Update Data Protection No. 169 & Update Employment Law January 2024

Employee surveillance: French data protection authority fines major online mail order company 32 million euros

On December 27, 2023, the French data protection authority "Commission Nationale de l'Informatique et des Libertés" (CNIL) imposed a fine of 32 million euros on the French subsidiary of a large online mail order company. In the opinion of the authority, the company used a system to monitor the performance and activities of employees that disproportionately interfered with the rights of employees, in particular their right to privacy.


The company operates large warehouses in France and elsewhere, where numerous items are picked and stored every day. To measure productivity, employees are equipped with scanners that allow them to be identified. These scanners can be used to record the items that are currently being processed or the locations from which items are removed or stored. Employees can also receive instructions. This enables the individual steps of an article to be tracked and employee activity to be recorded. In particular, the number of items processed by an employee in a certain period of time, the periods of inactivity or the quality level of processing are recorded. This also allows errors and error probabilities, such as items being scanned too quickly, to be identified. By recording this data, a large amount of personal data is collected, which allows statements to be made about the quality, productivity and periods of inactivity of employees.

The "quality, productivity and inactivity times" indicators of employees, which are recorded in real time, are available to line managers and are stored for 31 days.

The indicators were used to generate weekly performance reports for each employee, which included weekly, daily and hourly statistics on compliance with quality procedures, productivity and raw data on quality defects.

As a summary of the purpose of the processing, the responsible company states that the indicators are used in particular for quality assurance and safety, warehouse management, employee evaluation and the need for coaching and individual training.

Reasons for the decision

In the CNIL's opinion, the company was in breach of the General Data Protection Regulation (GDPR) by collecting, processing and storing the data so comprehensively. This was the result of a comprehensive balancing of interests between the interests of the company, in particular in ensuring security and quality, and the rights of employees. The CNIL came to the conclusion that the collection and storage of data was not necessary and excessive, in particular on the basis of the following points.

  • On the one hand, scanning within seconds leads to the continuous recording of specific time periods and the direct tasks of employees, which, in the opinion of the CNIL, is likely to have a negative moral impact on employees. Moreover, this exceeds the reasonable expectations of employees, who can expect their work to be monitored to a certain extent, but cannot reasonably expect their work to be tracked to the second. This type of monitoring is not necessary for the legitimate interests of the company to ensure quality and safety in the company, as employees would be unduly affected, in particular in their right to privacy and personal life and their right to working conditions (in particular health and safety).
  • Secondly, recordings of very short periods of less than ten minutes are also disproportionate, as they force employees to justify very short periods that are considered unproductive working time.
  • On the other hand, the CNIL considered the recording of data in real time to optimize work processes by redeploying employees or by providing advice or support to be legitimate. As soon as a problem is identified, it can be rectified. However, it is not necessary for the individual data to be stored in detail over a period of 31 days.
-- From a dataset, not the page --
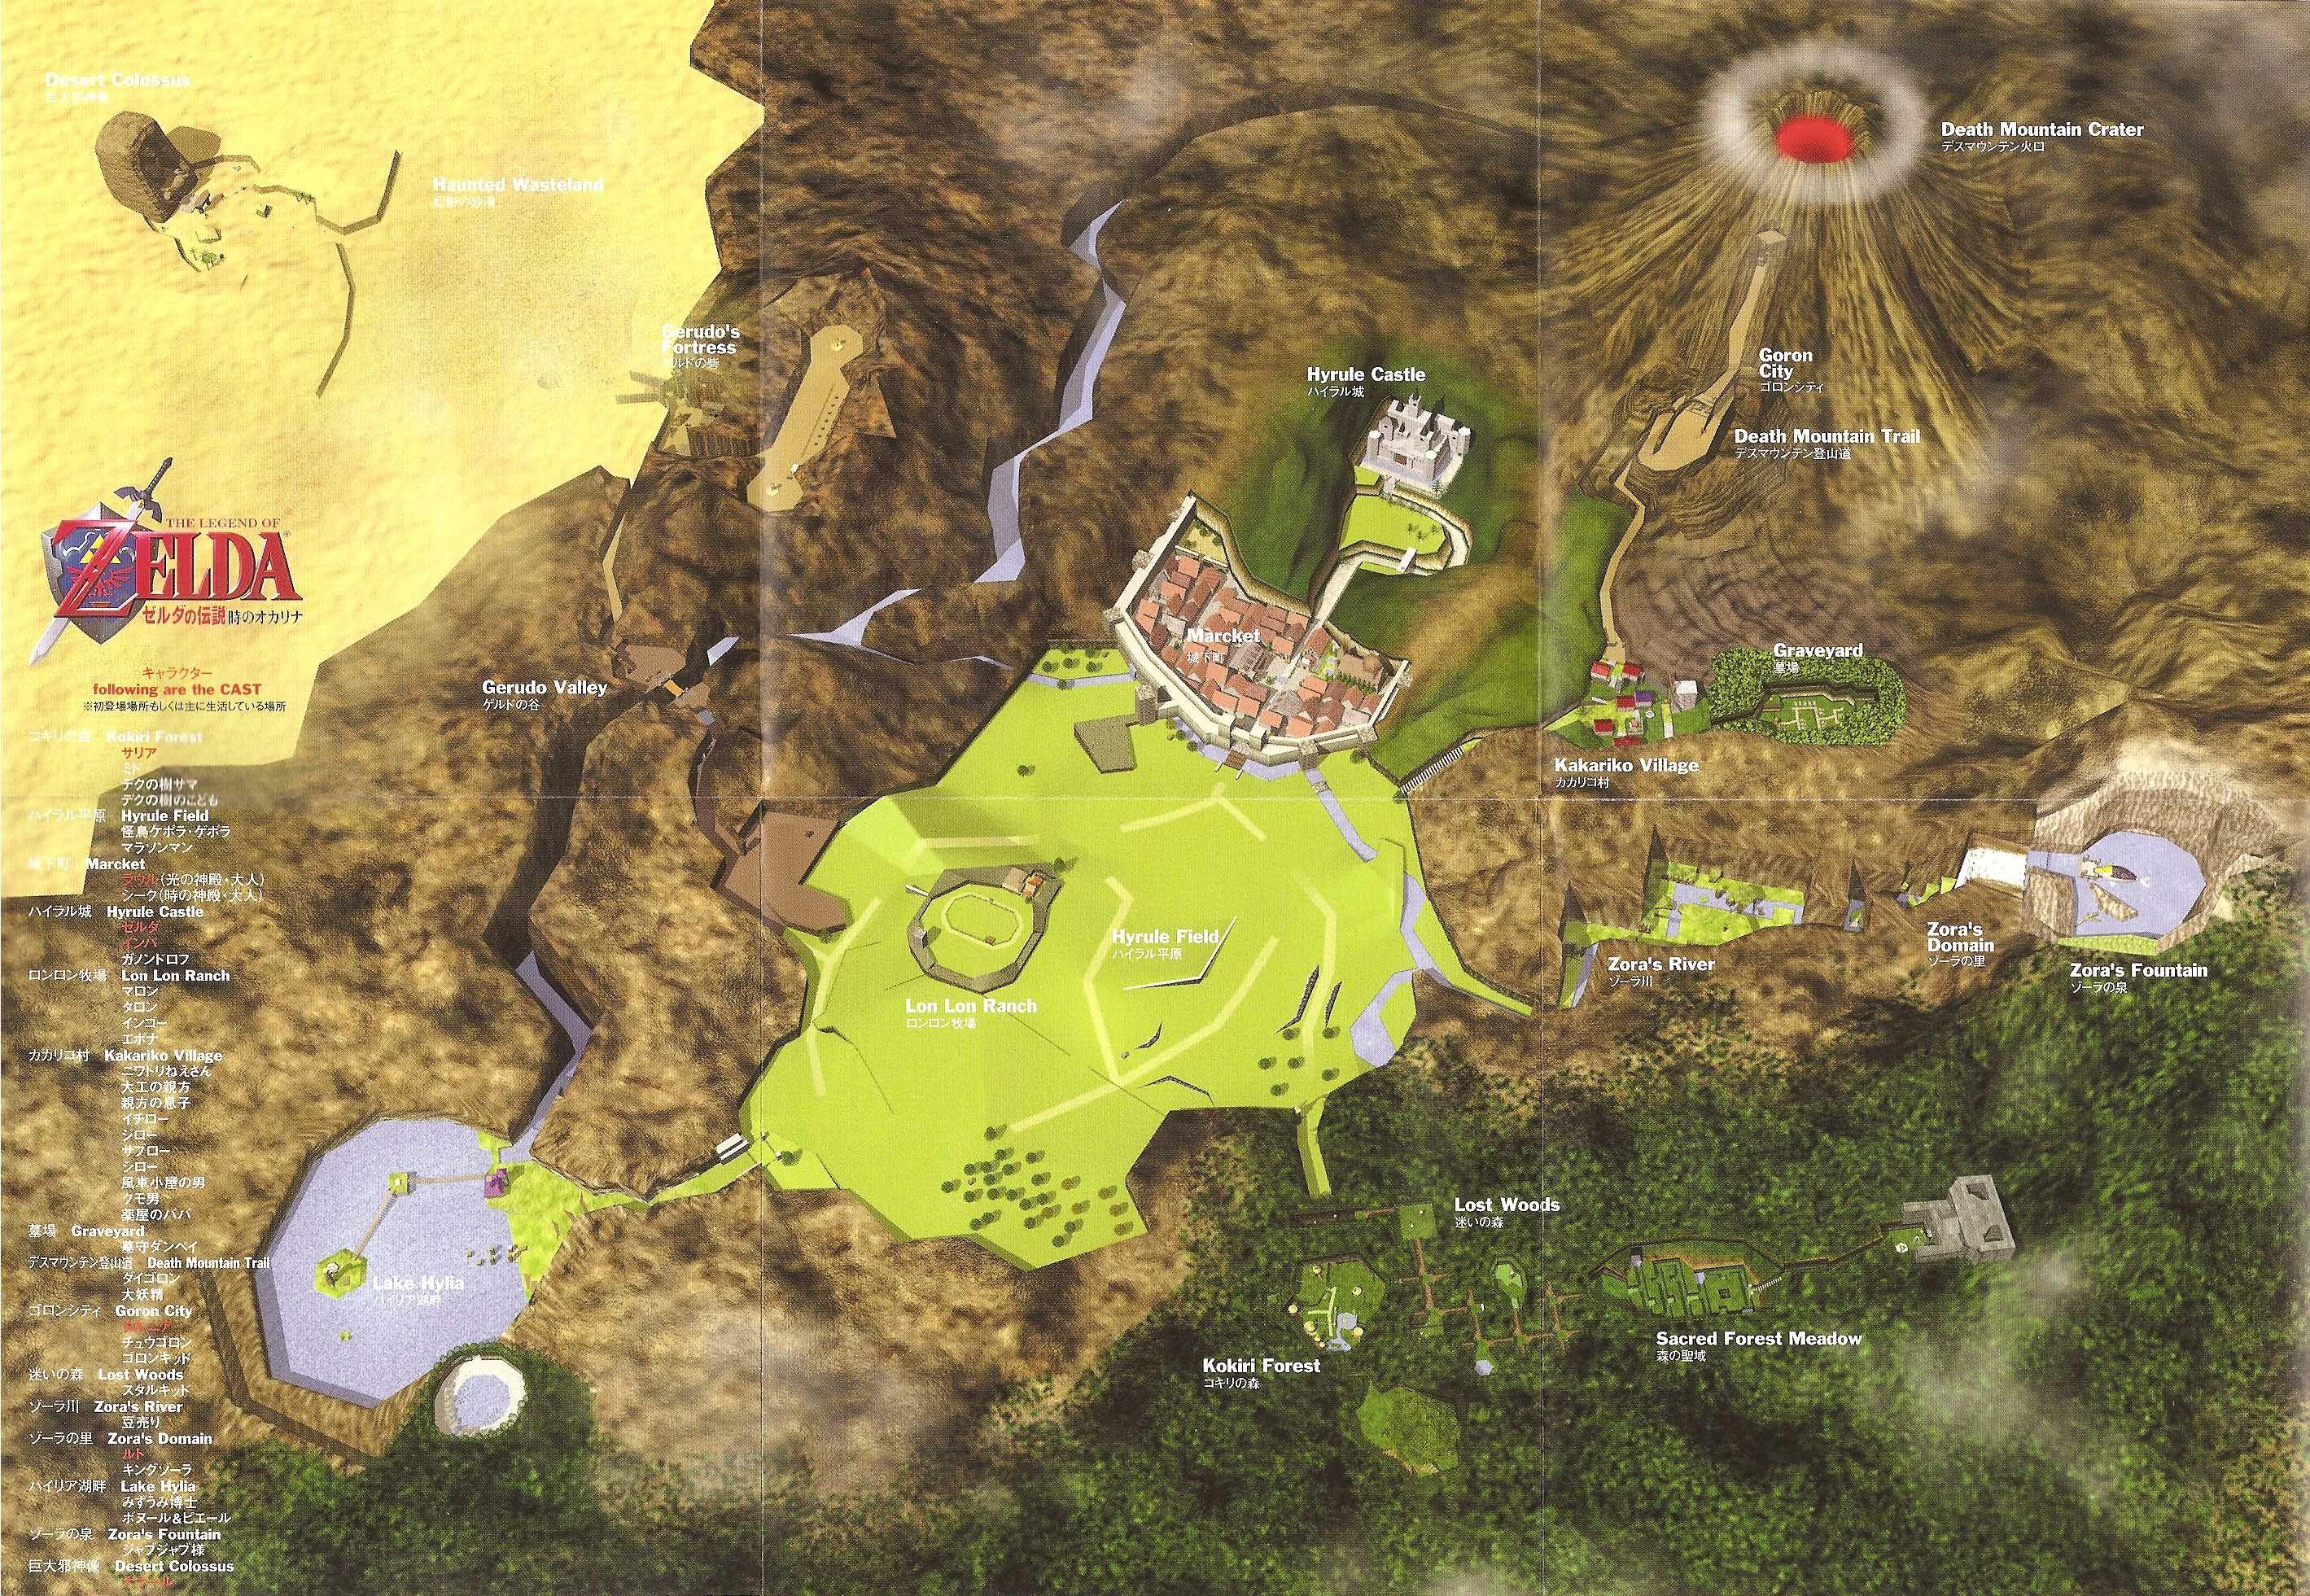 Rare beta map of OoT overworld, sans the cloud coverage. Among other Zelda Ocarina Of Time Map on zelda wind waker bad guys, zelda 1 dungeon locations, zelda game map, the legend of zelda map, zelda wind waker map, zelda majora's mask masks, zelda majora's mask wallpaper, zelda map poster, majora's mask map, zelda 1st quest map, zelda majoras mask map, legend of zelda spirit tracks map, zelda dungeon maps, legend of zelda 2 map, zelda spirit temple map, zelda maps secrets, legend of zelda hyrule map, legend of zelda world map, zelda link to the past, zelda nintendo map,

Rather, in the opinion of the French authority, weekly work statistics are sufficient to provide a representative overview of employee performance.
  • The same also applies to work planning in the warehouse in order to be able to assess various tasks and put together suitable teams based on employee productivity statistics. This can also be done on the basis of weekly productivity statistics.
  • With regard to recordings of more than ten minutes for the purpose of assessing employees and determining the necessary training requirements, a storage period of 31 days is also not necessary. The employee assessment and determination of the necessary training requirements could already be made possible by the collected productivity and quality indicators. The processing of idle times and interruptions of more than ten minutes unduly impairs the right to privacy of employees as well as the right to working conditions that respect the health and safety of employees.

Overall, the storage of 31 days was therefore not necessary and therefore disproportionate. This disregards the principles set out in Art. 5 (1) c) and 6 GDPR (principle of data minimization).


As the CNIL's decision is not yet legally binding, it remains to be seen whether and how a next instance will decide on the matter.

With regard to the legal classification of such situations in Germany, the French authority's decision is also noteworthy. The administrative court of Hanover (judgment of 9.2.2023 - 10 A 6199/20) was also based on the assessment of the permissibility of monitoring employees using hand-held scanners from the same group in a German logistics center. However, the administrative court of Hannover took the view that the use of employee data was permissible and based this in particular on the open and transparent collection and use of data and on the fact that the data fell within the employer's business area and that no special categories of data were affected (Art. 9 GDPR), see our Update No. 138.

An appeal has also been lodged against the ruling in Germany. It is desirable that a uniform legal opinion will prevail across all countries.

In any case, companies are still obliged to carry out a careful legal review of any type of employee monitoring in advance with the involvement of the relevant parties.